Could you restate the data below word for word, without its pictures?

Given material

<<<<

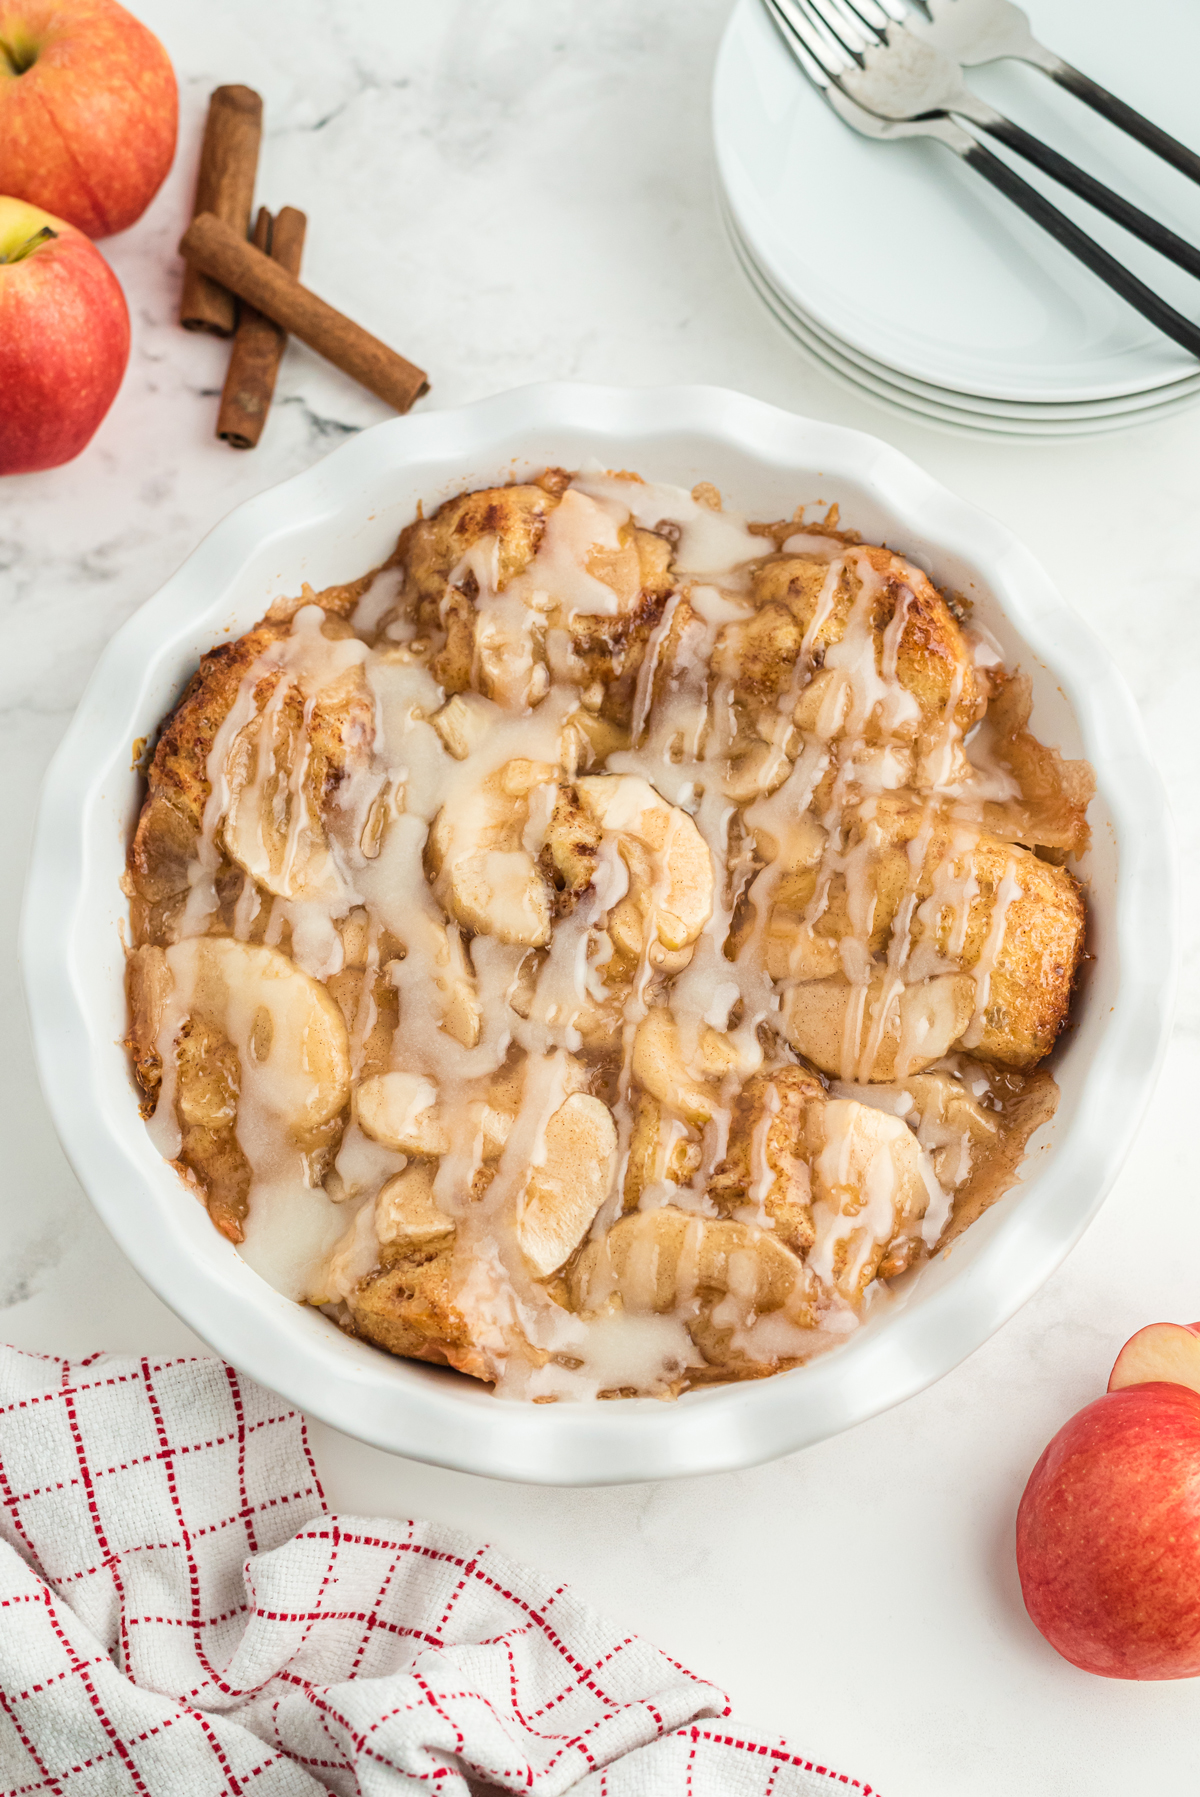 Top view of cinnamon Roll Apple Bake in a white pie dish with frosting drizzled over it.
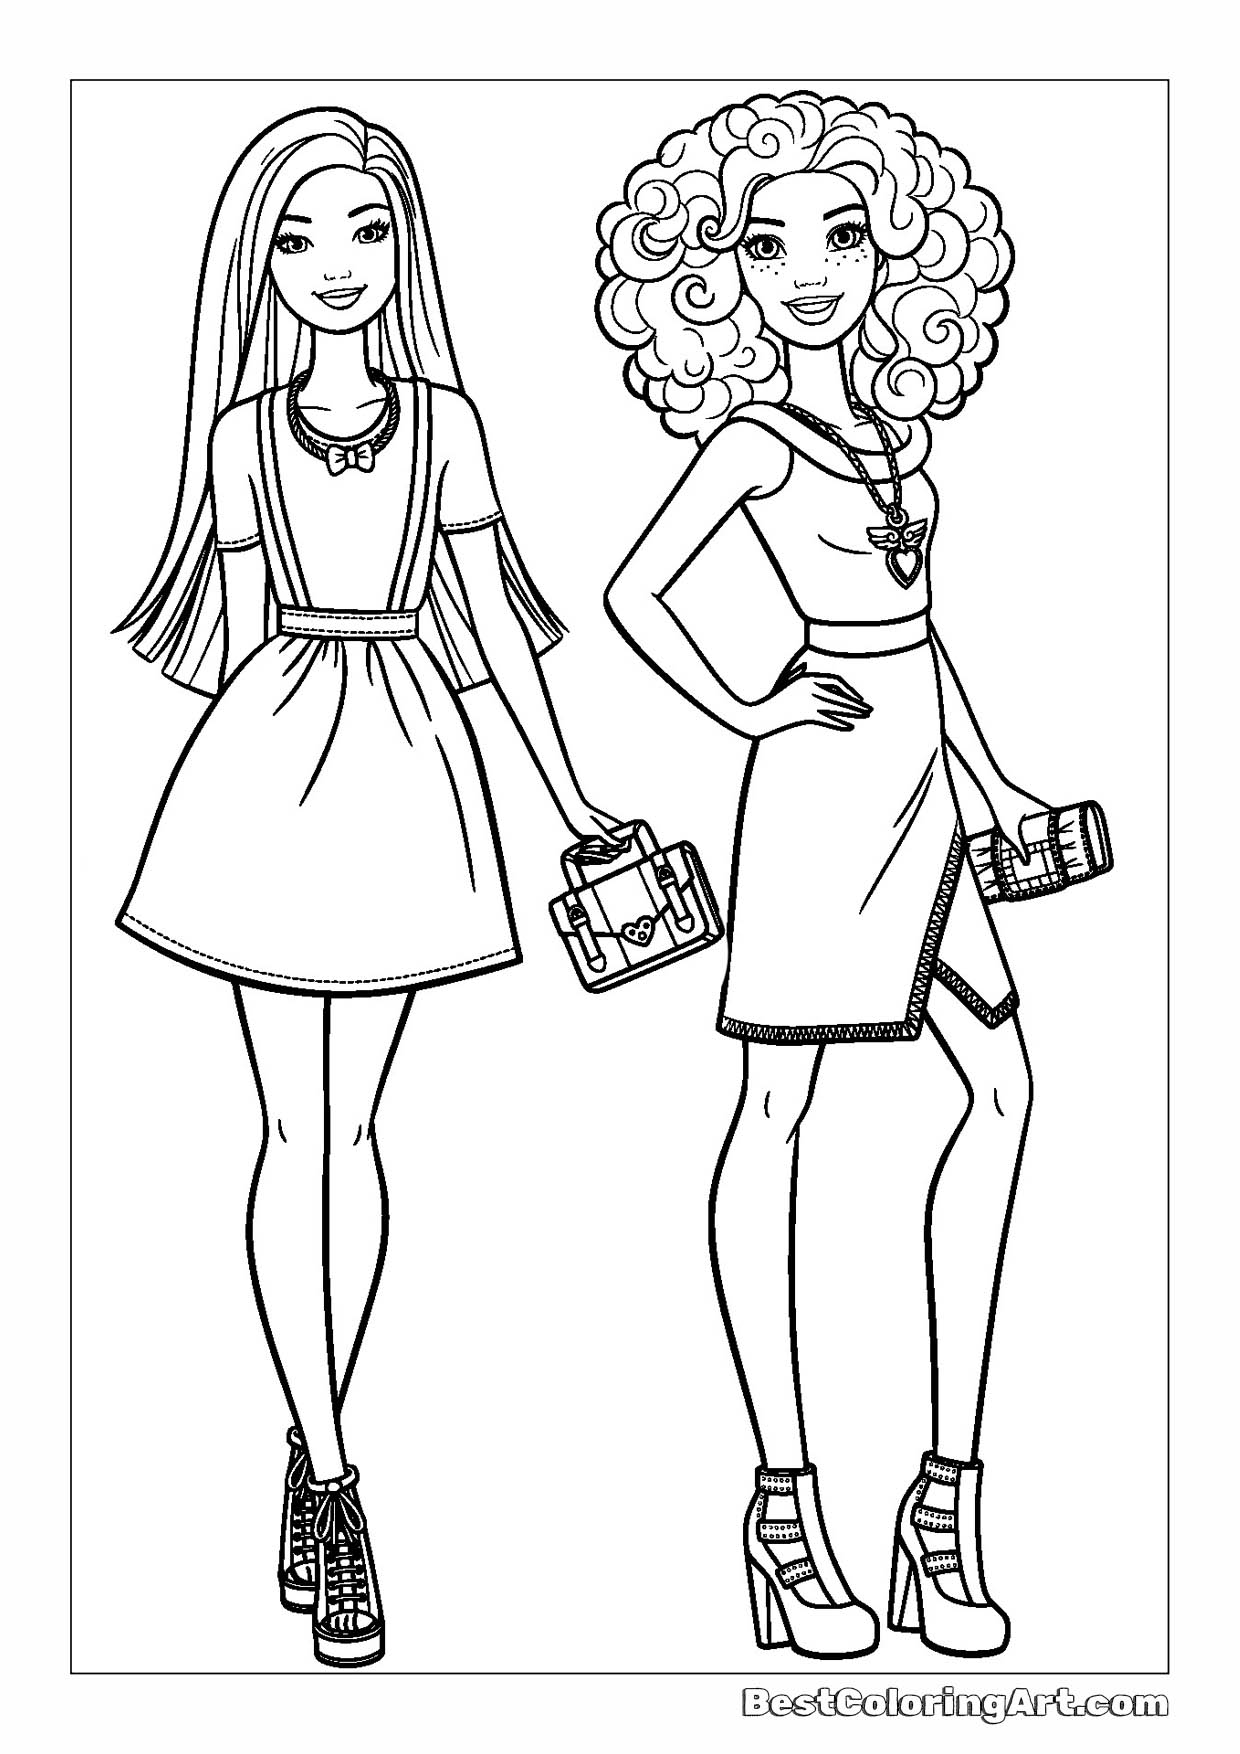 Barbie friends - Barbie coloring page - Printable & Free PDFs
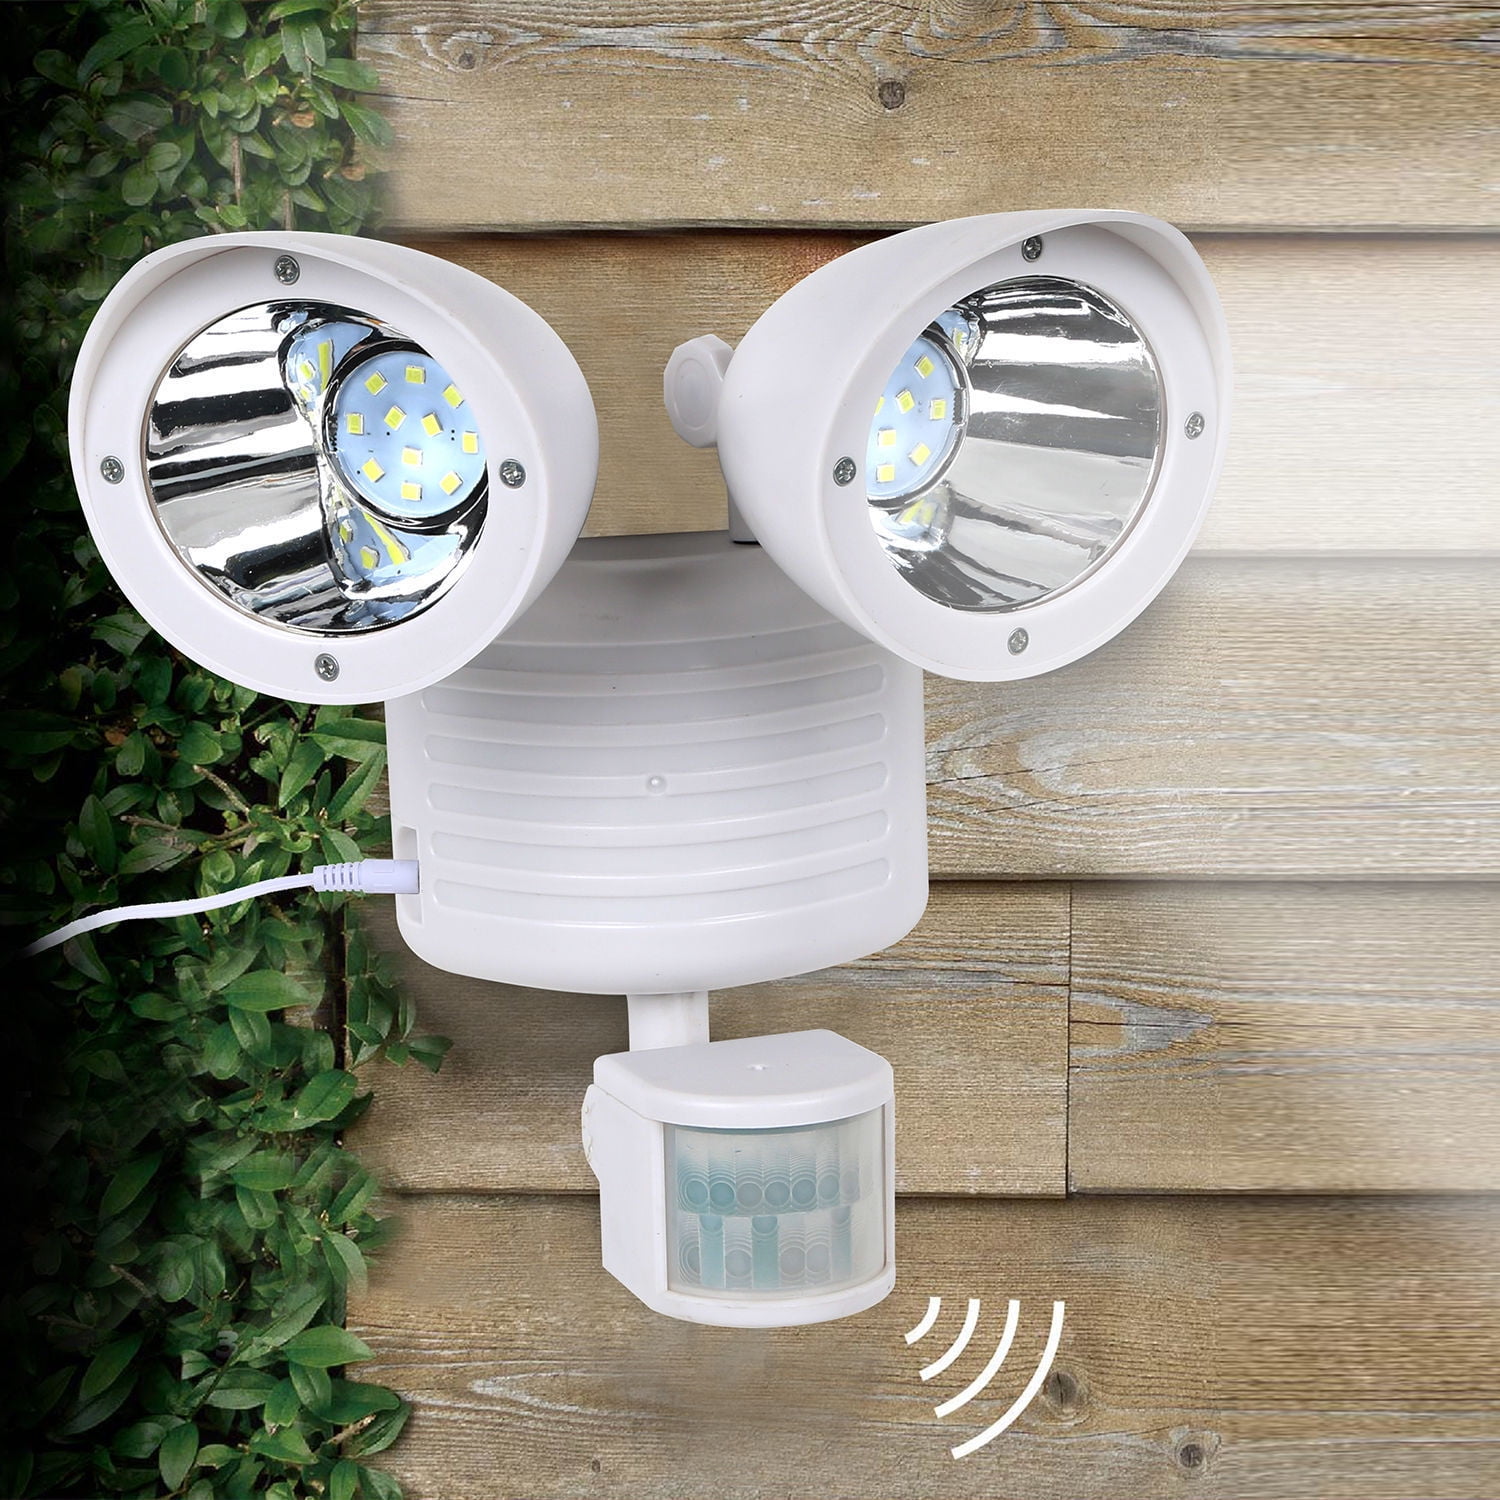 Outdoor Dual-Lamp Spot Light With Motion Sensor Weather Proof 
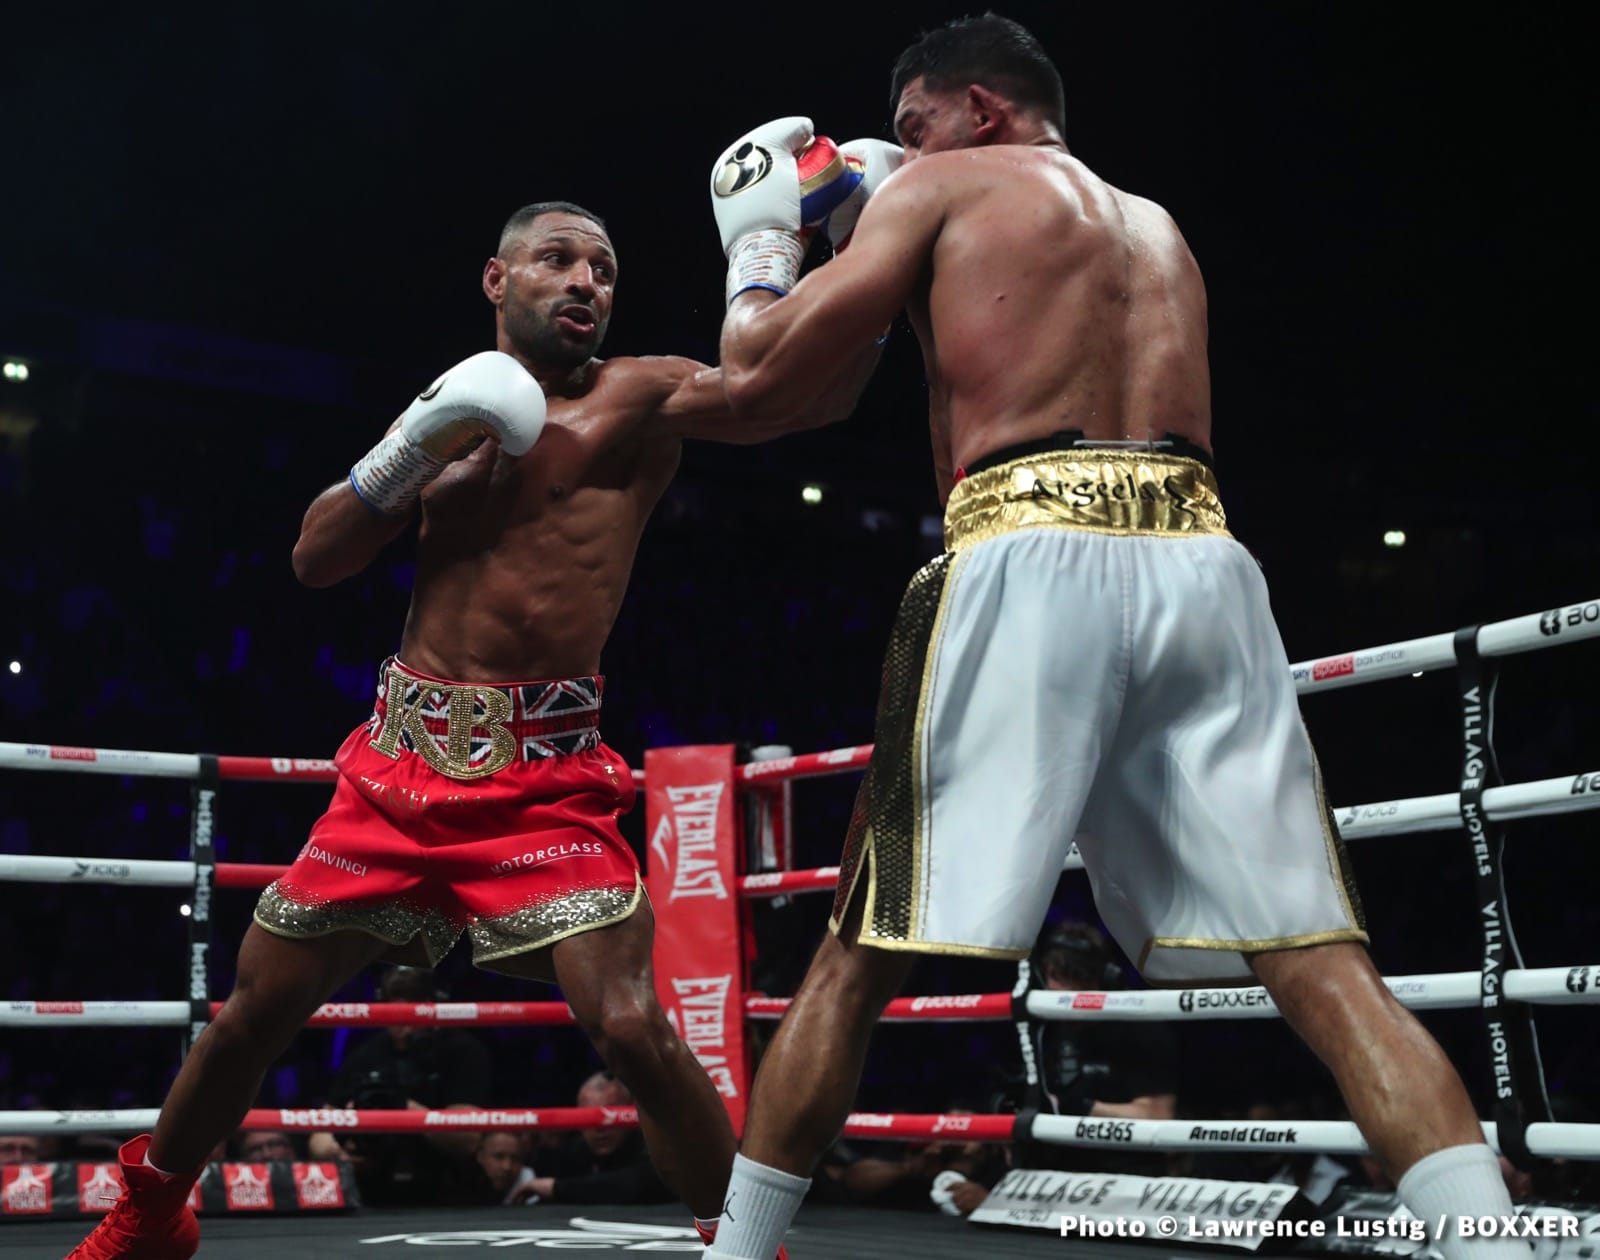 Image: Kell Brook willing to fight Amir Khan again

>>>>

Written reply
 Top view of cinnamon Roll Apple Bake in a white pie dish with frosting drizzled over it.
 Barbie friends - Barbie coloring page - Printable & Free PDFs
 Outdoor Dual-Lamp Spot Light With Motion Sensor Weather Proof 
 Image: Kell Brook willing to fight Amir Khan again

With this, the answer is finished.